Both Batman and Gordon have looks based on their very first comic appearances, including Bats’ dopey big cowl ears and Gordon’s white suit and wispy mustache. The most surprising was Batman’s Rainbow Suit, a fully rendered Lego version of a classic and extremely goofy Silver Age comic book that has received iconic camp status.

But not content to borrow solely from great Batman movies, Legacy of the Dark Knight also borrows from great Batman games. The combat is clearly inspired by the Arkham series, as Batman can perform stealth takedowns of unsuspecting Lego enemies or jump into the middle of a brawl with timing-based combat. This is simplified in some ways–the timing windows are wider and the visual indicators are bigger than in the Arkham games, and you only have two gadgets to use in fights. But it feels like an affectionate homage to mechanics that have become as central to the character as any movie, in the minds of Arkham fans. Legacy of the Dark Knight also introduces difficulty levels, letting younger or less-experienced players THWACK and POW like Batman, while giving more experienced Arkham fans more and tougher enemies to fight and, for the first time I remember, a limited pool of lives to spend on encounters.
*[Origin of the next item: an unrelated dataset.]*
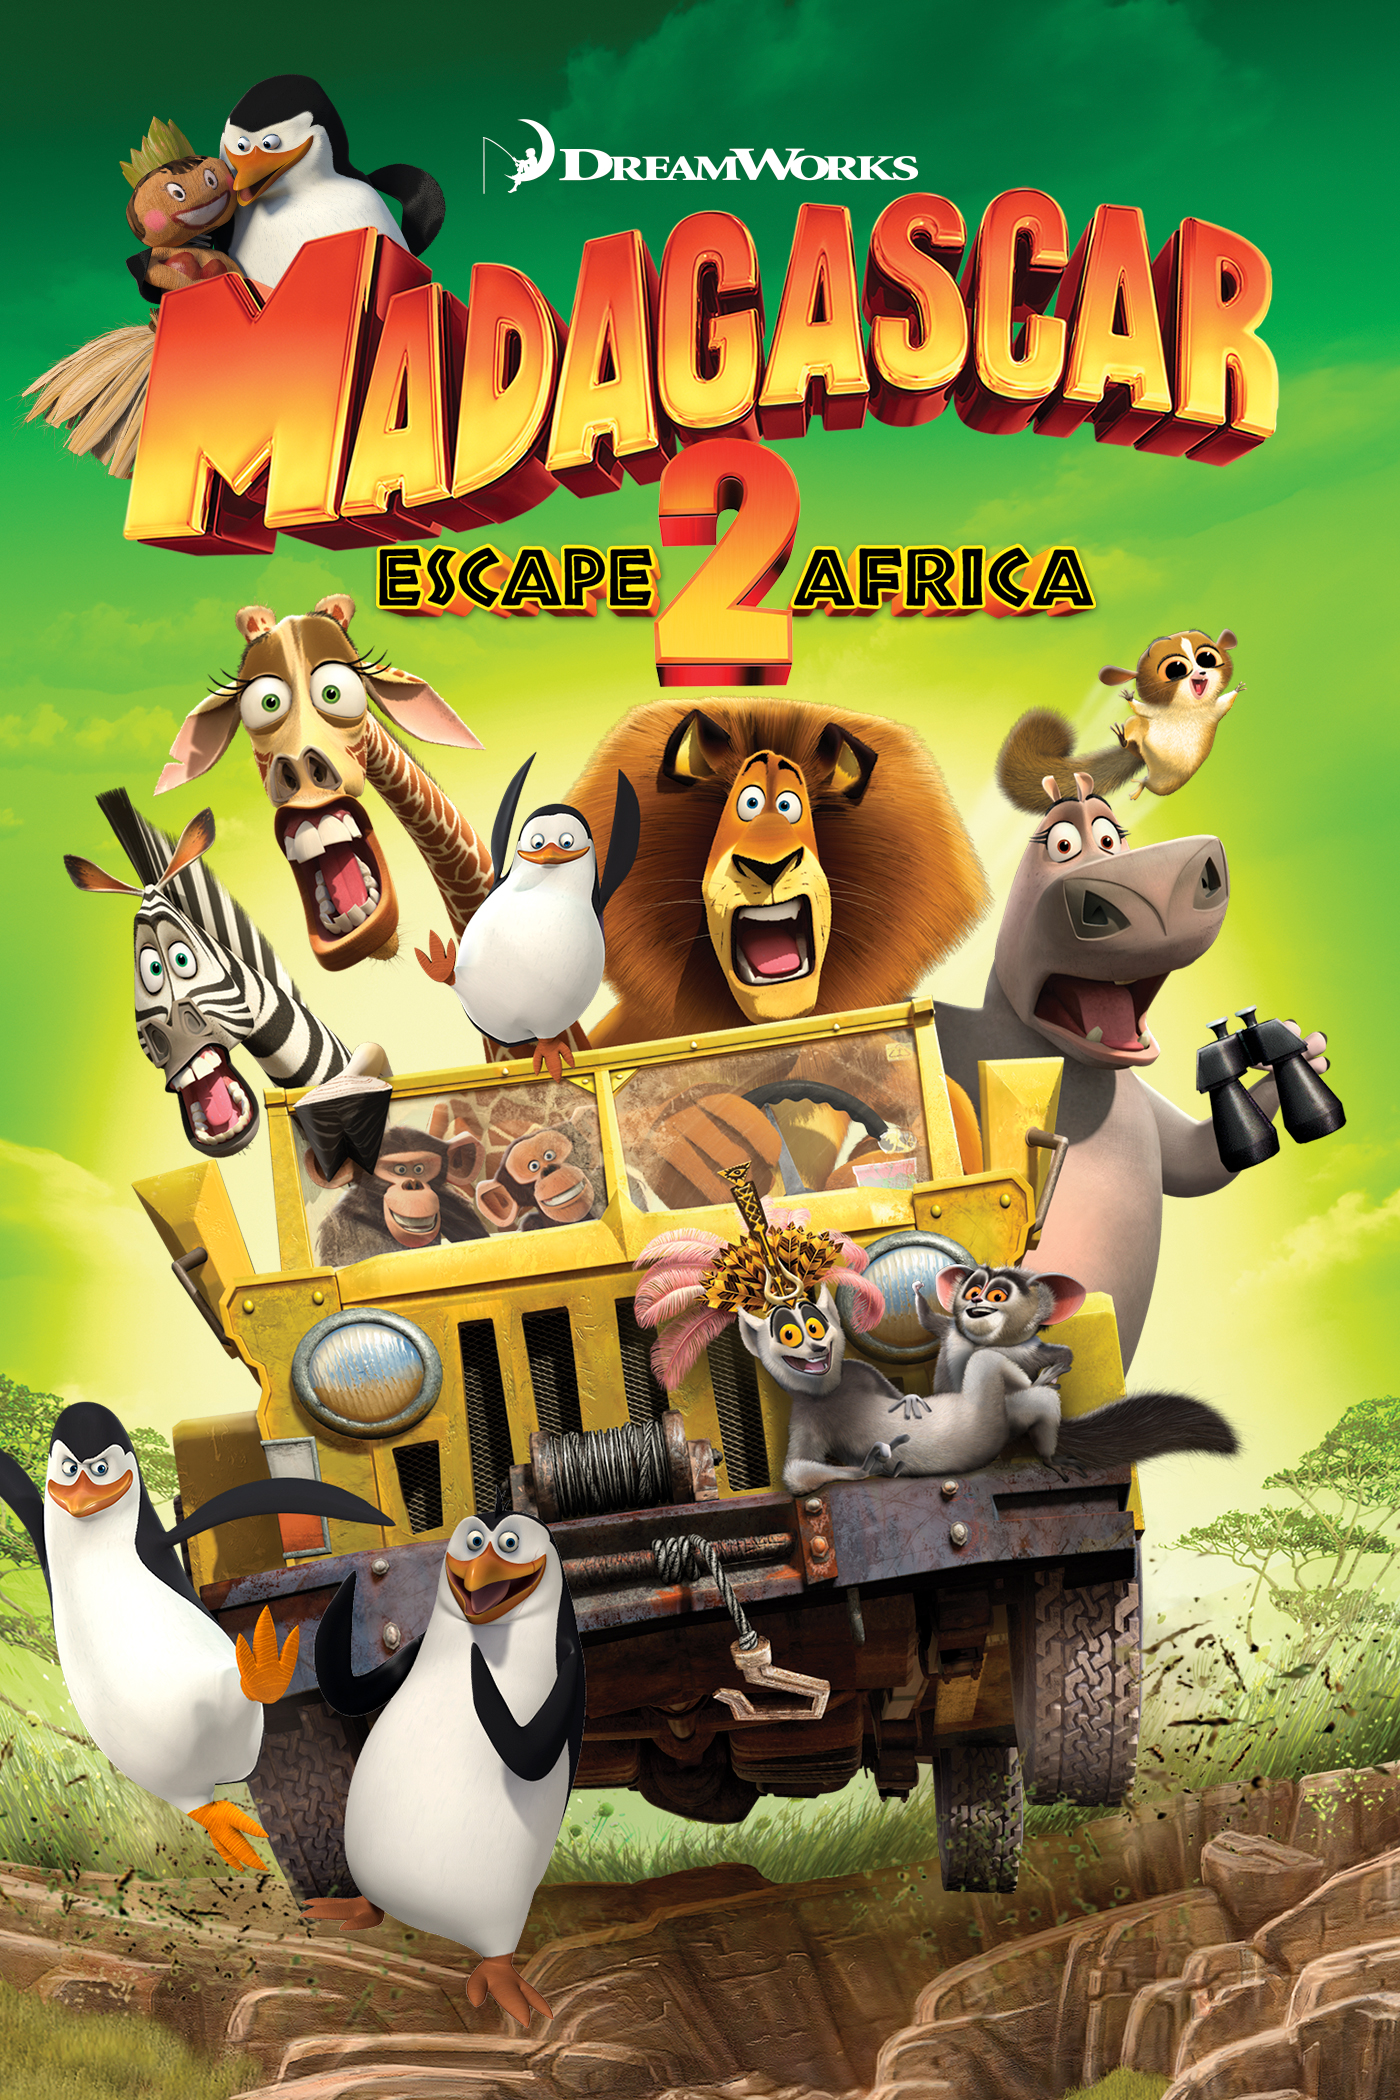 Madagascar Escape 2 Africa Home Video Dreamworks
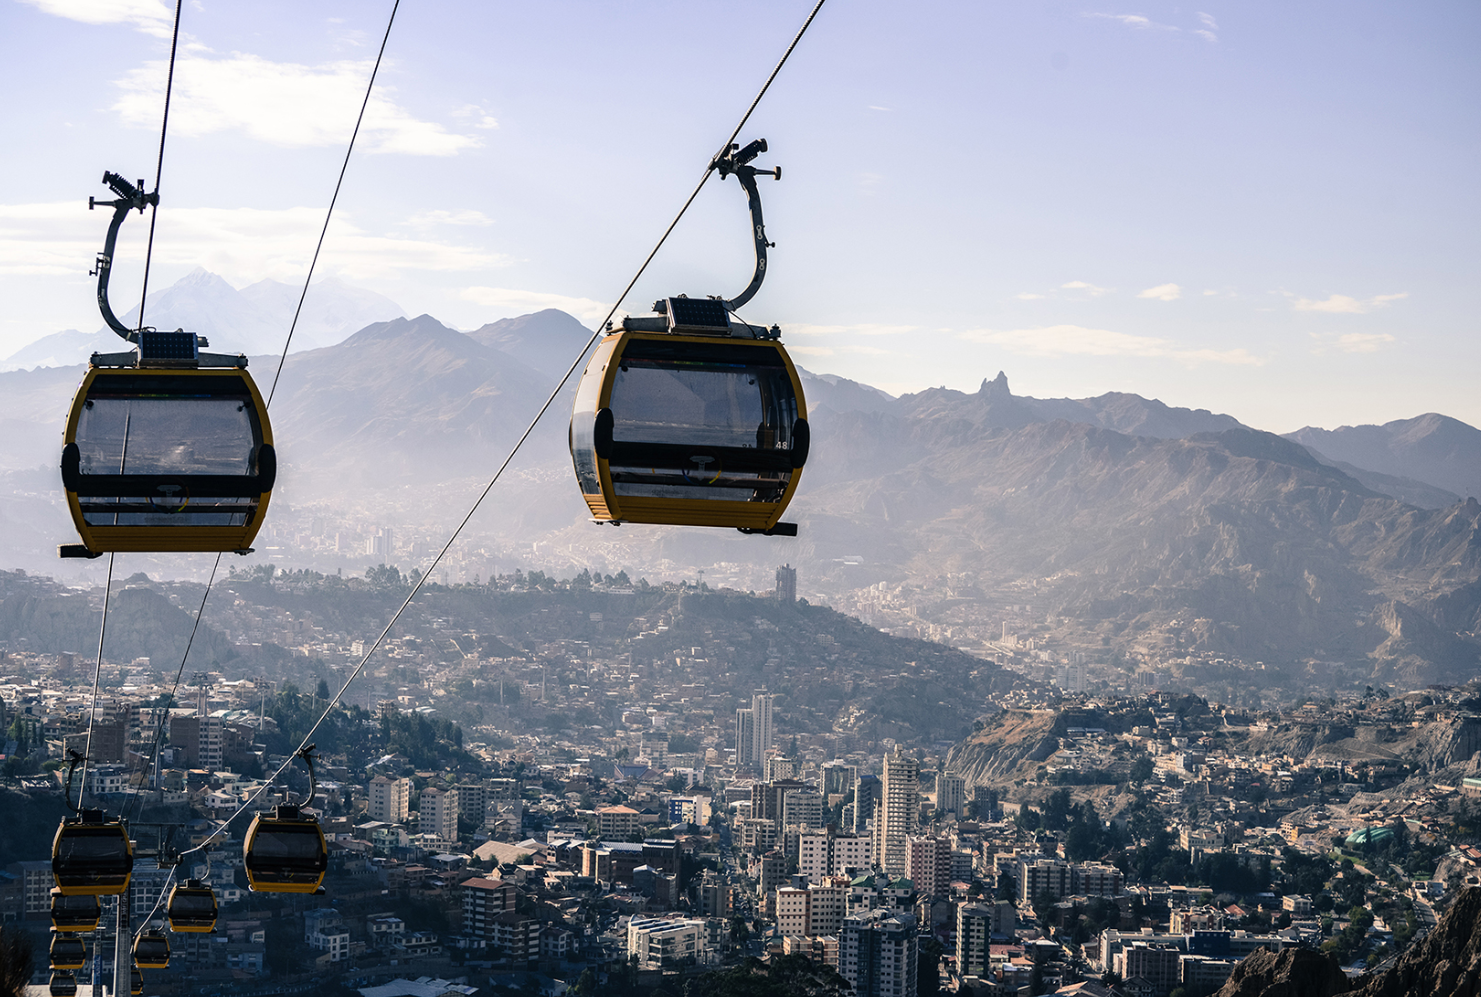 Rund um die Welt erobern, wie hier in La Paz, urbane Seilbahnen die Städte – in Linz hakt’s (Bild: Doppelmayr)

And like the later Arkham games, the hub world is a wide-open Gotham City that can be explored freely. You can stop crimes, find Bat caches, smash collectibles like Penguin rubber duckies, and skulk along the rooftops or gracefully glide between them. You can zip-line your way up to gain speed and then float, and if you’ve built up enough energy from beating down thugs, you can launch even higher into the air to get a birds-eye view of the city. If going ground-level is more your style, you can summon a Batmobile anywhere in the open world. I only saw the Robert Pattinson muscle car iteration from The Batman in my demo, but TT Games has already teased many more Batmobiles to come, and they can be freely equipped like Batman and Gordon’s costumes.
I didn’t really know what to expect next out of TT Games after The Skywalker Saga, but Legacy of the Dark Knight is such a pleasant surprise. When you’re finished building a Lego set, you might take it apart and see what else you can make from all the pieces. TT Games looks to be doing that with the Batman mythos, and I can’t wait to see what they build out of it.